How We Built Our MCP Server
We shipped a Model Context Protocol server before we shipped half the integrations on our roadmap. This is the engineering story of how it works, why we made the architectural calls we made, and what we got wrong the first few attempts. 27 tools, hybrid vector + BM25 search, a strict PAT-scoping model, and a per-call audit row that an admin can replay.
TL;DR
What we shipped: A first-party MCP server at /api/mcp exposing 27 typed tools over the Model Context Protocol. Auth is a bcrypt-hashed PAT scoped to a single new permission (MCP_AGENT). Every call writes an AiOperation row with actorType="mcp_agent".
What's actually interesting: Not the tool count, the search tool. search_org_knowledge runs a hybrid vector + BM25 query across projects, tasks, risks, goals, comments, and wiki pages in a single call. Most PM-tool MCPs expose CRUD; this answers "find me everything related to X" in one round-trip.
Why we built it first: Agentic clients (Claude Desktop, Cursor, ChatGPT custom connectors) are now the fastest-growing source of new active users on the platform. Treating MCP as "yet another integration" would have meant shipping it after Slack, after Jira, after Microsoft Teams — by which point the discovery window for being one of the canonical PM-tool MCPs would have closed.
Why we shipped MCP before another integration
The roadmap question we were asked most often in early 2026 was a variant of "when do you ship Slack / Teams / Jira / [name an integration]?" That's the right question for a product team three years ago. The question for 2026 is subtly different: "where will most of your new user sessions actually originate from a year from now?"
The honest answer for us, and we think for most B2B SaaS, is "agentic clients." A growing share of users won't open the Onplana web app at all on a given workday. They'll ask Claude or Cursor or ChatGPT or a custom in-house agent to "create a task for the bug report John filed" or "summarize the active risks across the migration projects" or "tell me which engineer is overallocated next sprint and propose a rebalance." That session has Onplana data flowing through it, but the user never logs in to onplana.com.
If we'd queued MCP behind Slack, by the time we shipped it the agentic ecosystem would have settled on canonical PM-tool MCP servers. We'd be a late-arriving sixth option behind whoever shipped first. There's a real first-mover dynamic in the MCP-registry world: the agent's prompt-time decision about which MCP to query is heavily weighted by which servers are already known and trusted.
So we treated MCP not as an integration but as a primary product surface, peer-class to the web app and the REST API. We allocated a senior engineer full-time for six weeks. We held the bar deliberately high on three axes: tool design quality, security model, and the search surface. The thesis was that the right MCP server is closer to a database than to a Zapier connector, and the design decisions should reflect that.
Architecture: the request flow end-to-end
Onplana's MCP server is an Express route at /api/mcp on the same backend that serves the web app. It speaks Model Context Protocol over the Streamable HTTP transport (the current MCP standard, replacing the earlier stdio-and-SSE-only options). We deliberately chose not to run it as a separate service. Co-locating with the main backend meant we could share the existing middleware stack, plan-gate dispatcher, audit-log writer, and Prisma client without re-implementing any of them. The MCP layer is a thin adapter on top of an already-mature service surface.
A typical tool call traverses six layers, in order:
- MCP transport. The client (Claude Desktop, Cursor, etc.) POSTs a JSON-RPC message to
/api/mcp. The Streamable HTTP transport returns either a regular JSON response or an SSE-framed response for long-running tools likeanalyze_project_risks. - Authenticate. Bearer PAT, bcrypt-verified against
ApiToken.

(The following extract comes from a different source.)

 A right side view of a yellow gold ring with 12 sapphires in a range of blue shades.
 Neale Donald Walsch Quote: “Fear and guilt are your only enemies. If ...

The token must carry theMCP_AGENTscope; tokens without it are rejected pre-dispatch. - Resolve org context. The PAT is bound to an org at creation time, no
X-Organization-Idheader spoofing risk. Org plan + role + permission policy are loaded in the same single DB round-trip the rest of the backend uses. - Tools/list. The MCP
tools/listresponse is filtered against the org's plan. A FREE-plan agent literally cannot seeanalyze_project_risksin the tool catalog — it doesn't appear in the list, which means the upstream LLM can't even attempt to call it. This was a deliberate trade-off: hiding tools (rather than returning "upgrade required") makes the agent's planning more predictable, at the cost of one round-trip to discover the surface. - Dispatch. The tool name resolves through the same
aiToolsregistry that powers in-app chat function-calling. We deliberately did not write a parallel registry for MCP. One catalog, two transports. - Audit. Before the response goes out, an
AiOperationrow is created with the full tool name, input, output (truncated), durationMs,actorType="mcp_agent", and the originating PAT's id. Admins query this from the AI Operations panel filtered by actor type. The same audit shape covers in-app AI, scheduled background AI workers, and MCP — one query gets you the entire AI footprint of your tenant.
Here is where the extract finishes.